The asterisk on Friday represented the one year anniversary of me meeting Andy, my first boyfriend and my only online relationship. If you didn't get that, then you're like, so totally dense. Har.

Spring break has not been going extremely well. No productivity, too much sleep, family weirdness, you know the drill. Seeing Maren was nice, though I blew off Brandi to do so. Seeing Emma was nice, but then I felt bad for driving her home following Bartleby to talk to queermike on the telephone.

Hmm, in the past week I've seen Cold Creek Manor, 50 First Dates, Thirteen, Secret Window, Bartleby, and Mystic River. That's… a lot of movies. I'd classify most of them as being okay. Cold Creek Manor was spooky, but still pretty lame. Hmm, yeah, bla.

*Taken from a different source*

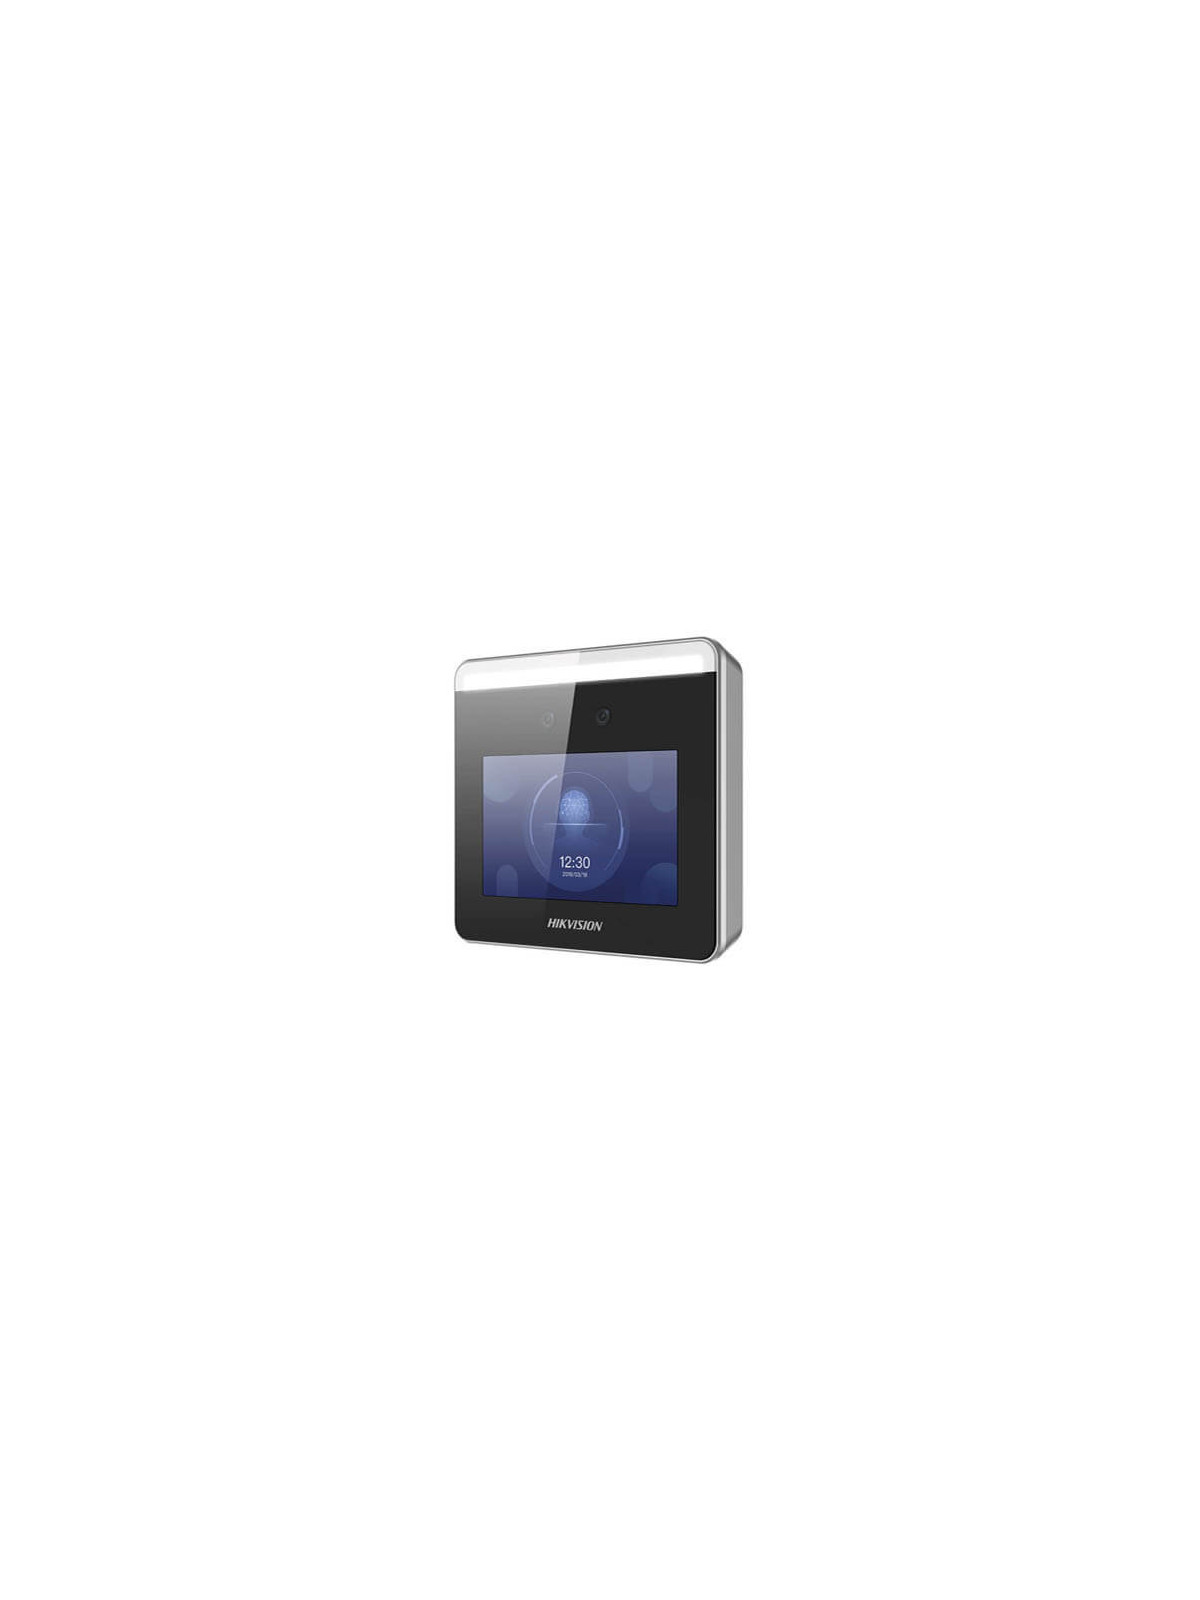 Terminal autónomo reconocimiento facial Hikvision DS-K1T331W Wifi LCD 4"

I can no longer claim I am not a whore, and I still make poor decisions. Someday I will learn… Let's pretend we're bunny rabbits! Then we can commit suicide in amusing manners. Hmm, I feel empty and don't want to tell much. Muffins will solve all!

mmmmm. muffins. when my mom does cook or bake, the results are nummy.

At the end of summer I figured I'd find a relationship immediately at college. No dice. Last fall I decided a “boyfriend by valentine's day” was reasonable. While being in Chad's bed was nice, it was not a boy… Haha. To quote Steph, “nothing matters,” but I'd change it to “this doesn't matter anymore.” I guess that doesn't relate all that much, I just wanted to make Steph feel special.

I'd say my biggest concern right now is how out of place I feel in Brookings. It's going to be an uncomfortable summer I fear. I will find a job and work many hours! I will try to make up for years of crappy friendship to Emma! I will hang out all the people I didn't before! Yeah, that's it! Oh, and I'm going to do lots of cool art and write a lot! That's it!

Talking on the phone for 95 minutes makes my ears hurt. It's kinda odd I talk on the phone with someone from Duluth more than I talk to my mom, Brandi, and Maren combined.

confidential to emma: i first thought vanessa was a cute boy. this was from a distance and she reminded me of someone else.